La biblioteca

"Ai primi tempi la ricerca del libro aveva avuto un valore strumentale. Doveva rispondere al mestiere che avevo scelto. Poi la mia ricerca si era allargata. E confesso di avere amato il libro, come un tempo il violino, anche per la sua bellezza. […] Ma la bellezza di un libro non si esaurisce nel gusto di vederlo, di ammirarlo. Racchiude un universo di immagini mentali e fantasmi e pensieri da interrogare pazientemente. Perciò non potevo divenire un bibliofilo."

(Frammenti di una autobiografia letteraria)

La biblioteca di Giovanni Macchia, una raccolta d'autore tra le più rilevanti e preziose del Novecento italiano, vincolata dallo Stato già a partire dal 1979, è stata generosamente acquistata nel 1993 dalla Fondazione Roma. L'acquisto, che riservava allo studioso l'usufrutto, prevedeva la donazione dell'intero fondo alla Biblioteca nazionale centrale di Roma. Nel 2003, due anni dopo la morte del critico, la sua collezione dall'appartamento di via Guido d'Arezzo ai Parioli giunse alla Nazionale di Roma, che gli ha dedicato una sala riservata.
La biblioteca macchiana, di eccezionale valore storico e bibliografico, formata da circa 30.000 volumi e documenti che riflettono bene i molteplici interessi dello studioso, è una raccolta stratificata da leggersi a livelli diversi: quasi tre differenti biblioteche, l'una dentro l'altra. Prima di tutto la biblioteca si presenta come un indispensabile strumento di lavoro, dove ampio spazio viene ricoperto dalla letteratura francese: vi sono le opere complete dei più noti autori fino ai contemporanei, le collezioni come quella della Pléiade, i dizionari, le enciclopedie, tra le quali anche l'Encyclopédie di Diderot e D'Alembert. La sua attività di critico è testimoniata anche dai molti libri che recano tracce del proprio studio - note di lettura, postille - e dai volumi ricevuti in dono con dediche autografe. Inoltre ricchissime sono le sezioni dedicate alla letteratura italiana, alla storia del teatro, ai libri d'arte, alle collane di classici. La biblioteca, quindi, non è solo lo specchio del Macchia studioso, ma anche del Macchia uomo di cultura e lettore attento.

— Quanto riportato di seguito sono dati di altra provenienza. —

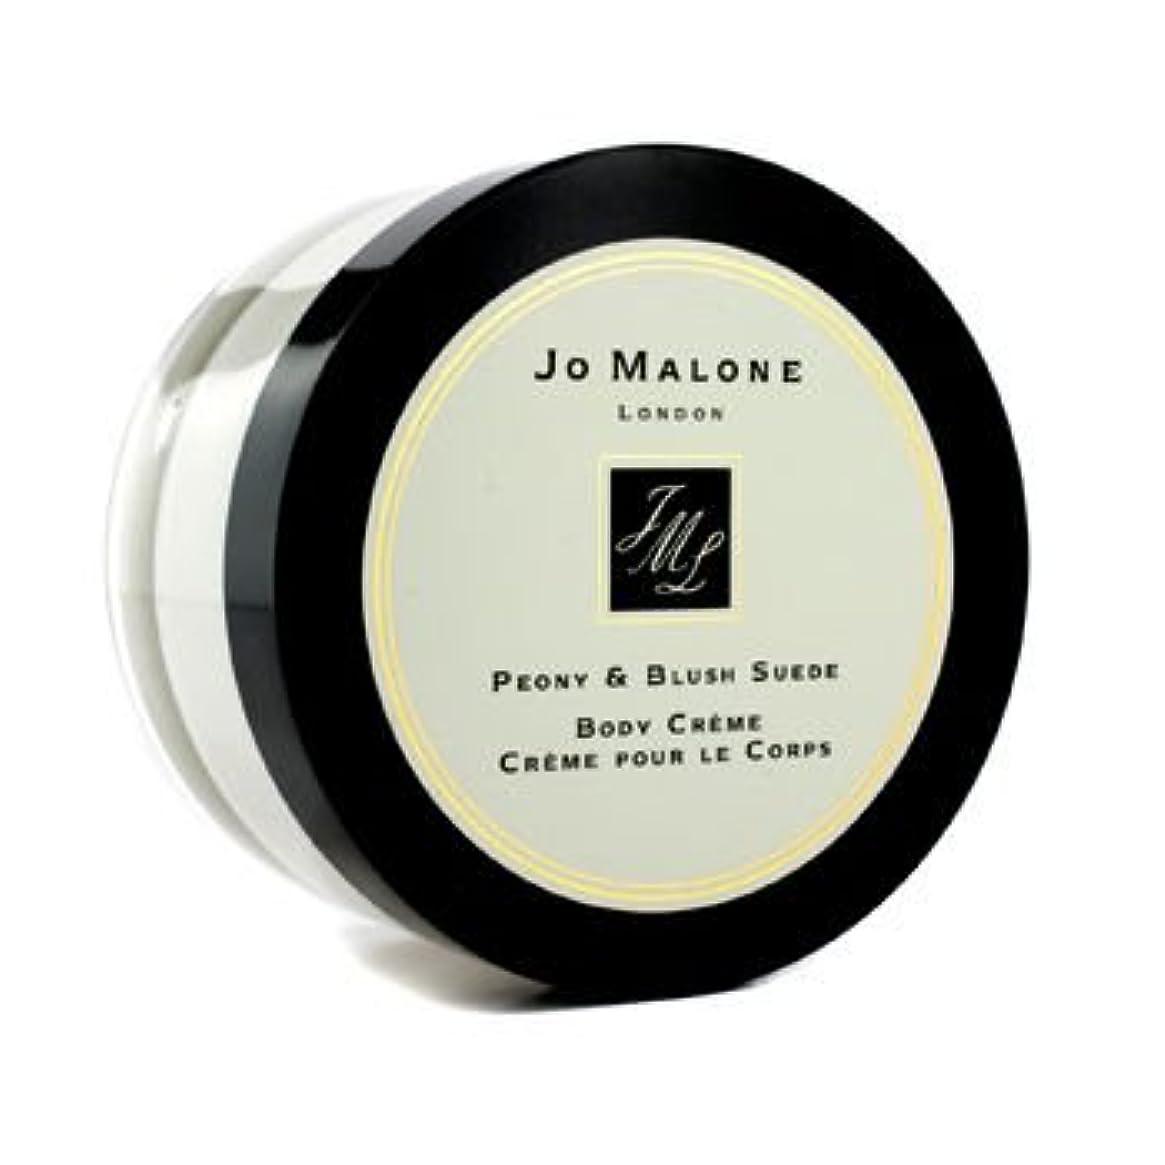 収束するペッカディロ栄光のジョーマローン ピオニー & ブラッシュ スエード ボディ クリーム 175ml/5.9oz並行輸入品

Tuttavia il critico è stato nell'arco della sua vita anche un eccezionale collezionista, lasciandosi affascinare, tra aste e librerie antiquarie, dalla bellezza del libro. All'interno della biblioteca, infatti, sono numerose le prime edizioni, quelle rare o di pregio, molte delle quali accuratamente rilegate. Si tratta spesso di volumi appartenuti a illustri personaggi del passato come dimostrano gli ex-libris o le schede bibliografiche inserite all'interno; è il caso, per esempio, dei volumi provenienti dalla biblioteca dei fratelli Goncourt:

Il libro antico - scrive Macchia in Frammenti di una autobiografia letteraria - ha suscitato sempre in me incredibili slanci della fantasia. Il libro antico ha un suo passato, è vissuto in tante case prima di entrare nella nostra, ha visto passare la malinconia di tante giornate, ha partecipato alla vita quotidiana nella solitudine della lettura, si è salvato dai naufragi e dai terremoti. Ci restituisce miracolosamente il senso di un'epoca. E perciò, quando un volume, appartenuto a un grande scrittore, approda chissà dopo quante peripezie a casa nostra, nasce in noi la suggestione che un po' del calore delle mani che lo hanno sfiorato, e anche un po' del suo pensiero, si sia depositato su quelle carte ingiallite.

Lo studioso considerava quelli del Settecento i suoi libri più belli, preferendo in assoluto l'Orazio dell'editore londinese Pine, "che nel 1733 pensò non a un libro stampato, ma a un libro in due volumi tutto inciso dalla prima all'ultima pagina". Macchia racconta poi di essere molto legato alla prima edizione della Ursule Mirouet di Balzac e soprattutto all'edizione del 1869 di Les fleurs du mal. Ma senza dubbio il libro a lui più caro è quel primo volume delle Oeuvres di Baudelaire nell'edizione della Pléiade, appartenuto a Trompeo, il quale volle che gli fosse donato dopo la sua morte.